Si la pression de la gâchette semblait être retombée d’un cran en 2024, après une année 2023 sanglante et marquée par le conflit opposant le clan de la DZ Mafia à celui de Yoda, qui a fait près de 50 morts en seulement quelques mois, les règlements de compte ont de nouveau fait les gros titres ces dernières semaines. C’est désormais au tour du 3e arrondissement de la ville, parmi les plus pauvres d’Europe, d’être l’épicentre des tensions autour du contrôle du trafic de drogue à Marseille. Au total, six règlements de compte ont été commis dans cet arrondissement du centre-ville en 2024. Comme l’a confirmé le procureur de la République à Marseille, la mort de Nessim Ramdane est intimement liée à un autre fait divers survenu le 2 octobre dernier et révélé par La Provence. Un adolescent de 15 ans avait été retrouvé « lardé de 50 coups de couteau » avant qu’il ne soit « brûlé vif » dans la cité de Fonscolombes, toujours dans l’arrondissement maudit.
Pour venger cette mort, une vendetta savamment orchestrée a mené celui qui serait l’assassin de Nessim Ramdane à se rendre à Marseille cette nuit fatidique. Devenu chauffeur VTC depuis peu de temps, en plus de son entreprise de conseil en énergie afin de boucler ses fins de mois, le père de trois enfants aurait refusé de déposer le jeune adolescent et son comparse embarqués pour une course quelques minutes auparavant.
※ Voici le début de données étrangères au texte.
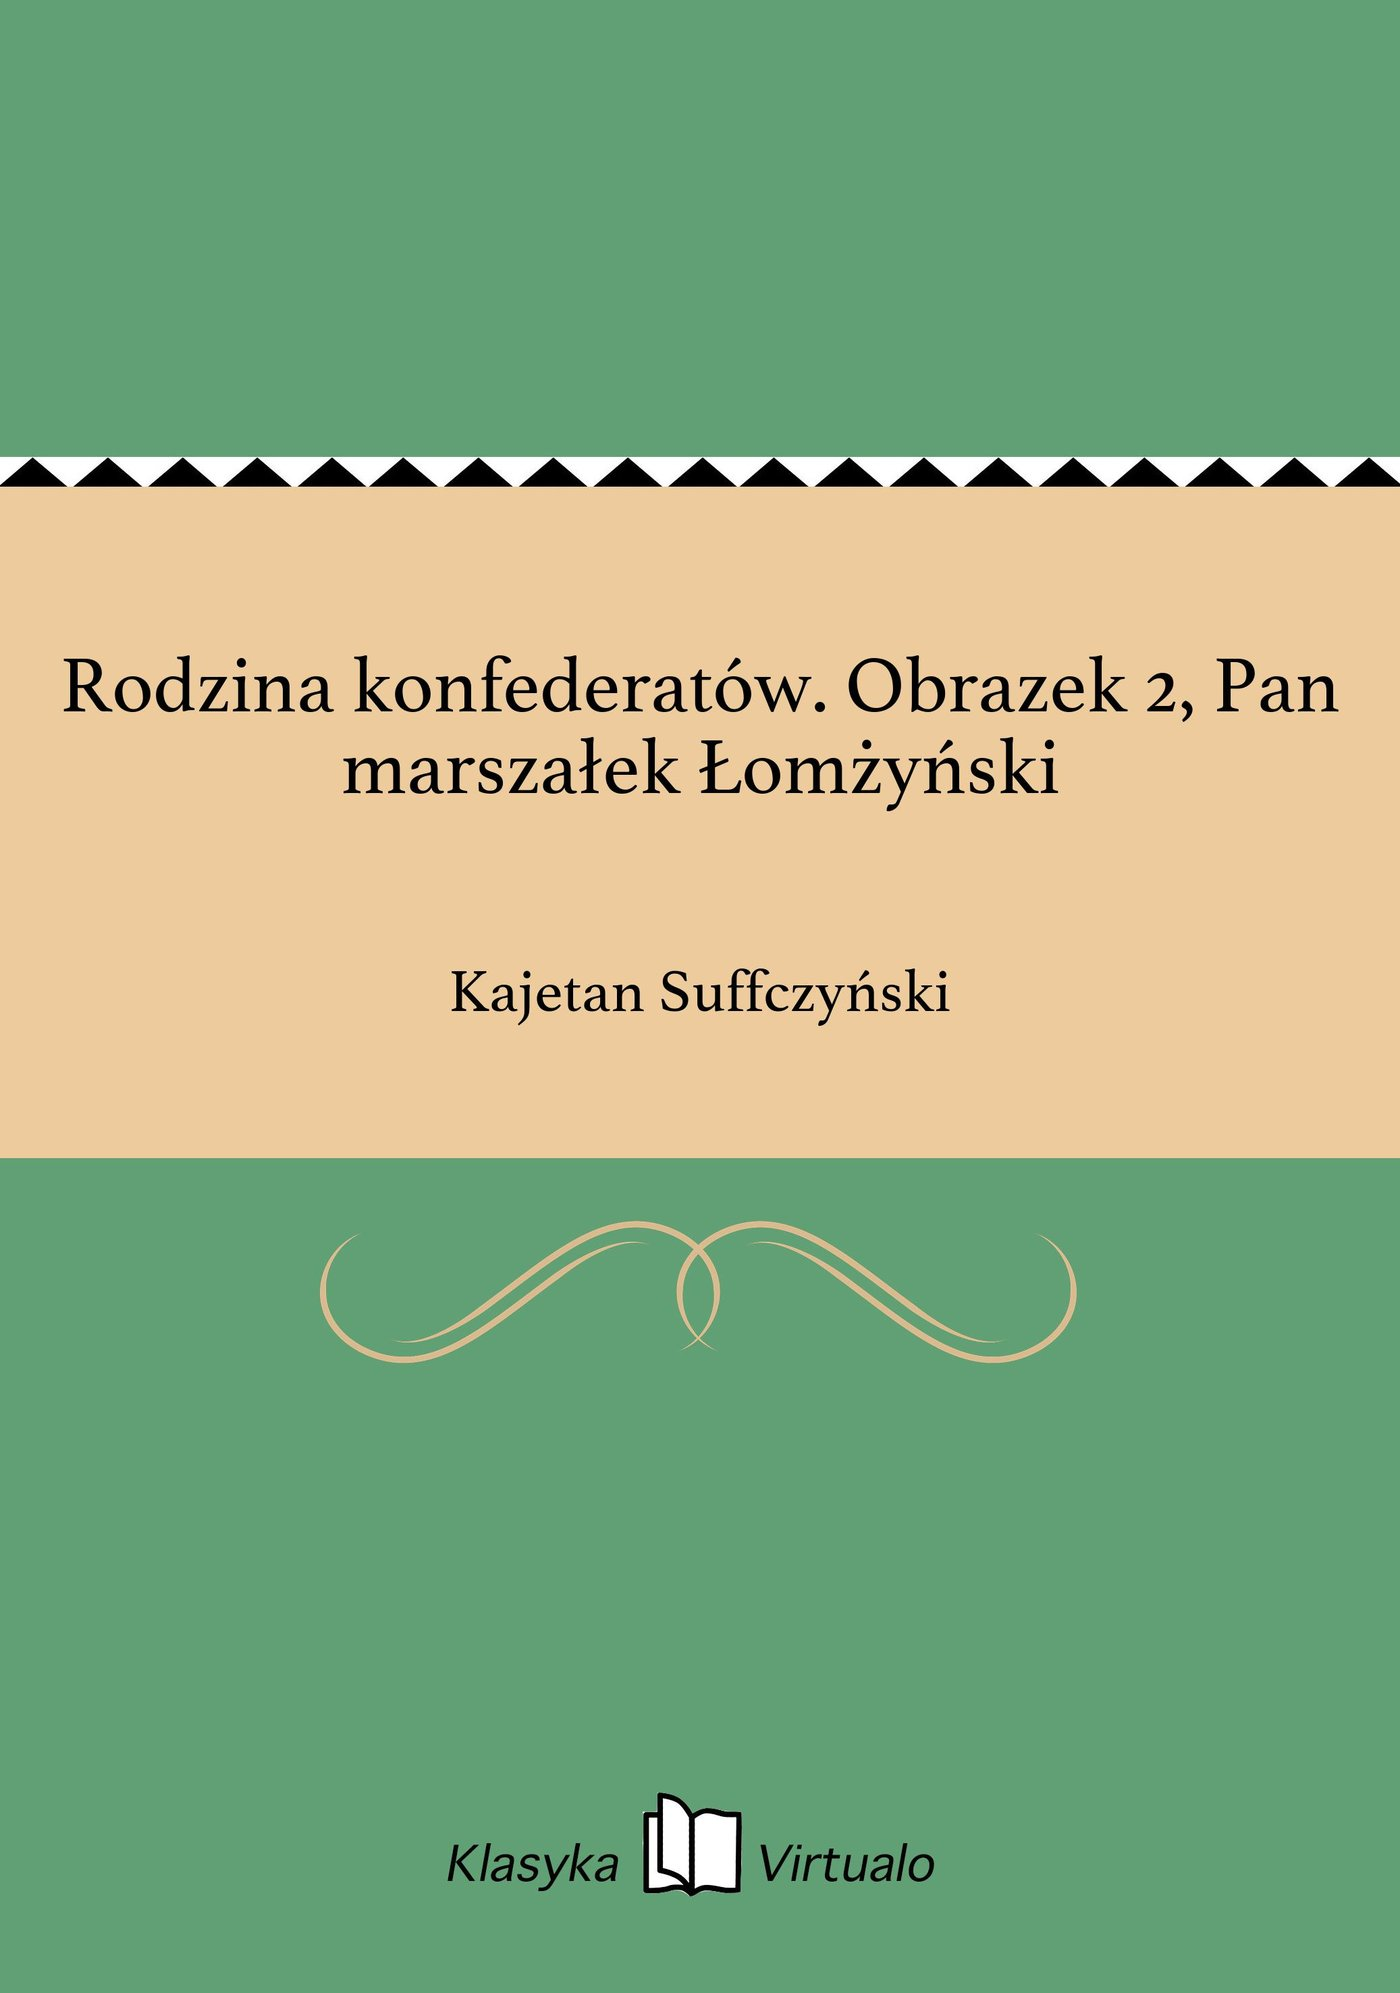 Rodzina konfederatów. Obrazek 2, Pan marszałek Łomżyński - Ebook (Książka EPUB) do pobrania w formacie EPUB

La suite glace le sang : l’adolescent aurait aperçu en chemin un homme qu’il pensait être sa cible, et le jeune tueur à gages aurait alors intimé à Nessim de s’arrêter, ce qu’il aurait refusé. Le tueur présumé, armé d’un pistolet 357 Magnum, a alors abattu un homme qui n’avait rien demandé, un homme innocent, d’une balle à l’arrière du crâne.
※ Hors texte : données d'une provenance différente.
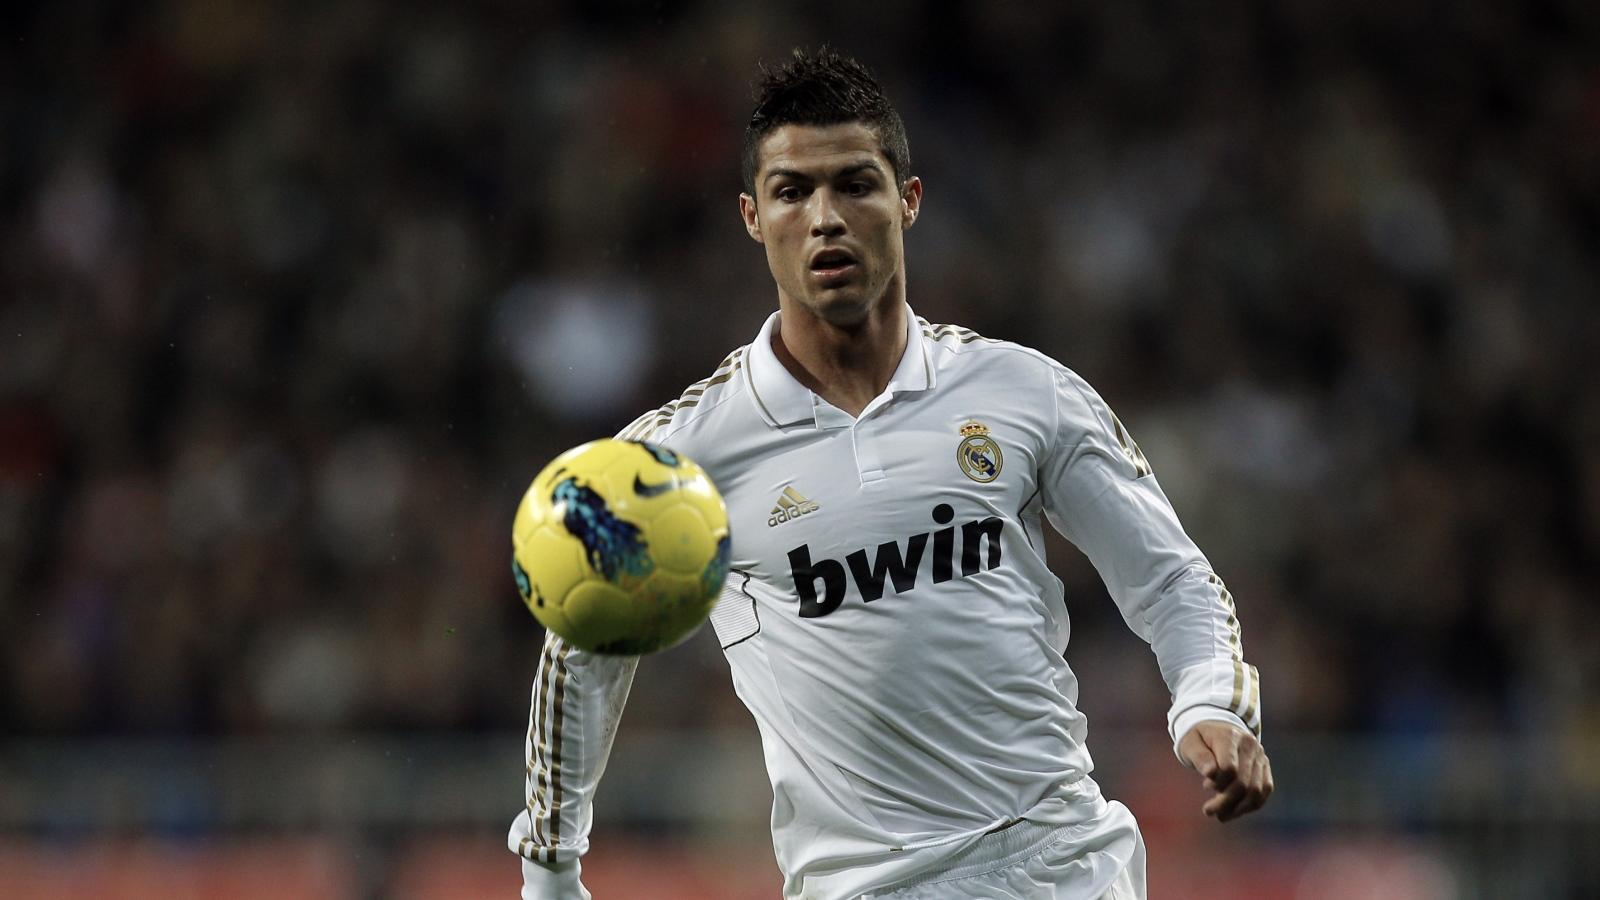 La impresionante patada de arriba de Cristiano Ronaldo ayuda al Juventus

Aujourd'hui, les Marseillais ont rendu hommage à Nessim Ramdane, père de famille et marseillais, assassiné pour avoir refusé d’être complice d’un crime horrible. J’exprime à nouveau tout mon soutien à ses proches et joins mes pensées à tous ceux qui se sont réunis pour honorer… pic.twitter.com/ygKCnihvBY
— Benoît Payan (@BenoitPayan) October 8, 2024
Le tireur a été appréhendé peu de temps après le crime après avoir été dénoncé par celui qui s’est présenté comme le commanditaire de l’action, détenu à la prison de Luynes. Selon La Provence, le tireur a été présenté au juge d’instruction dimanche où il aurait reconnu l’homicide tout en estimant que le tir mortel était « accidentel ». « C’est vraiment un scénario tragique, témoigne Anthony Alexanian. Nessim a tout fait pour partir de Marseille, mais il fallait qu’il aille travailler la nuit là-bas et il a fallu que ça tombe sur lui… Lui qui a tout fait pour être loin de ça… »
Le précédent Adel Santana Mendy
Si l’ensemble de la société marseillaise est touché de près ou de loin par les nuisances du trafic de drogue, le football amateur marseillais a payé un lourd tribut ces dernières années. La mort de Nessim Ramdane n’est en effet pas la première à endeuiller les acteurs du ballon rond dans la région. Le 23 décembre 2022, alors qu’il s’était rendu à la cité de la Méditerranée dans les quartiers nord de la ville (14e arrondissement) pour rendre visite à des proches à la veille du réveillon de Noël, Adel Santana Mendy, formé à l’Olympique de Marseille entre 2016 et 2018, qui évoluait alors en National 2 du côté d’Aubagne, est également tombé sous les balles. Son seul tort : être descendu de chez lui au moment où les tireurs ont ouvert le feu sur le groupe de personnes installé en bas de la barre d’immeuble. Lui aussi n’avait rien à se reprocher et demeure une victime collatérale de ce que l’on appelle désormais les « narchomicides ». Un règne de la peur où plus personne n’est épargné s’il se trouve un jour au mauvais endroit, au mauvais moment.
Par Léna Bernard, à Marseille
Propos d’Anthony Alexanian recueillis par LB.